Единственный бордель во всех известных мирах, где можно купить человеческую женщину.
Не механическую силиконовую подделку с электронной начинкой. Не виртуальную бездушную красотку, чей образ проецируется компьютером в мозг. Не зеленокожую, приторно пахнущую аборигенку с Зитана-6. Не бритого примата с дельты Драконис. Не раскрашенного транссексуала с планеты Развлечений. Не контрабандных оргазмий, искусственно выведенных в каком-то из миров Темного Пространства.
Нет.
Настоящую. Человеческую. Женщину.
Только здесь — в Фиштауне, единственном городе Грозовой Планеты.

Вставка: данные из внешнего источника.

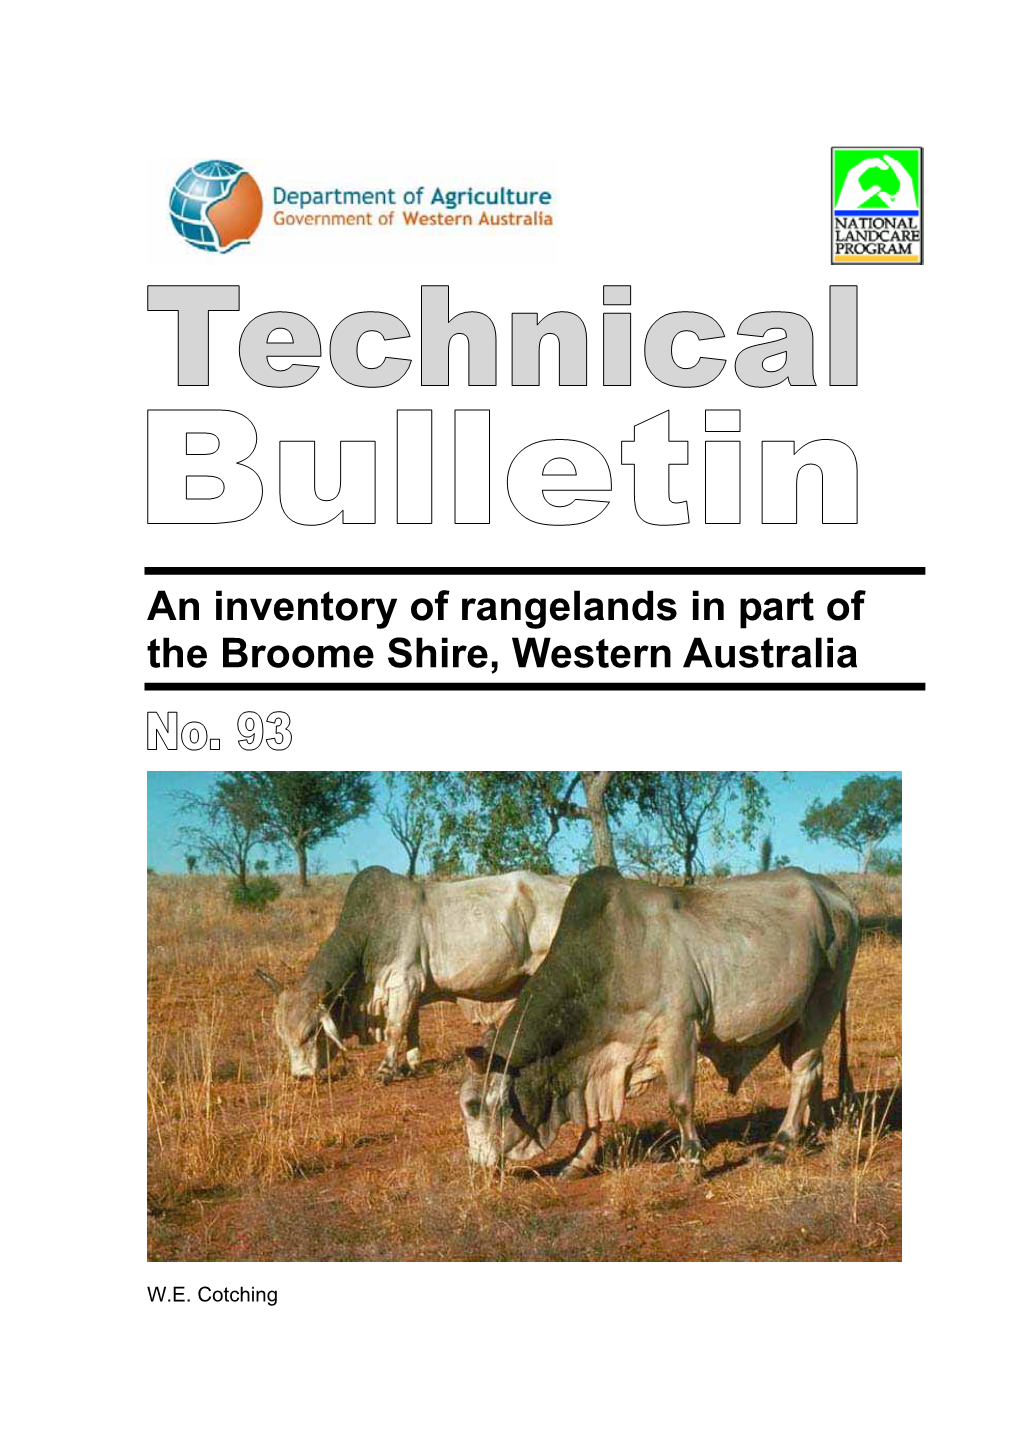 Inventory of Rangelands in Part of the Broome Shire, Western Australia

Не на Земле, где случайно родившиеся девочки меняют пол, едва достигнув совершеннолетия, где процесс зачатия идет под микроскопом, а эмбрионы развиваются в инкубаторах Центров Воспроизводства. Не на Зеббе, где воинственные амазонки не допускают к себе мужчин, а совокупляются с полуразумными ящерами. Не на Укросе, где Культ Чистоты позволяет людям заниматься любовью лишь дважды в жизни — и сила внушения так велика, что человек, совокупившийся в третий раз, погибает мучительной смертью. Не на Отапи, где вот уже несколько сот лет детей штампуют клонировочные машины, а отказавшиеся рожать женщины давно превратились в уродливых бесполых существ.
Только здесь…
Целую минуту Геркулес стоит перед зеркальной дверью заведения мамаши Ти. Он видит свое отражение, он чувствует, как бешено колотится сердце, — и не понимает отчего. Ему немного страшно — и он ругает себя за необъяснимую слабость.
Затаивший дыхание старик, не оборачиваясь, напряженно ждет, скрипнет ли дверь. Руки его замерли на холодной стали карабина.
Мамаша Ти, рыхлая и колченогая, смотрит сквозь стеклянную дверь на могучего молодого красавчика и радушно улыбается ему, хотя знает, что он не может ее видеть. Потом она переводит взгляд на своего мужа, сидящего посреди улицы на старом стуле.
— Опять Тартус отгоняет моих клиентов, — шепчет она сердито, но во взгляде ее нет ни зла, ни недовольства, лишь понимание и уважение.
Шуршат юбки: кто-то из девушек спускается по лестнице. Мамаша Ти оборачивается, кивает двадцатилетней Лауре, жестом велит встать рядом.
А потом скрипит входная дверь.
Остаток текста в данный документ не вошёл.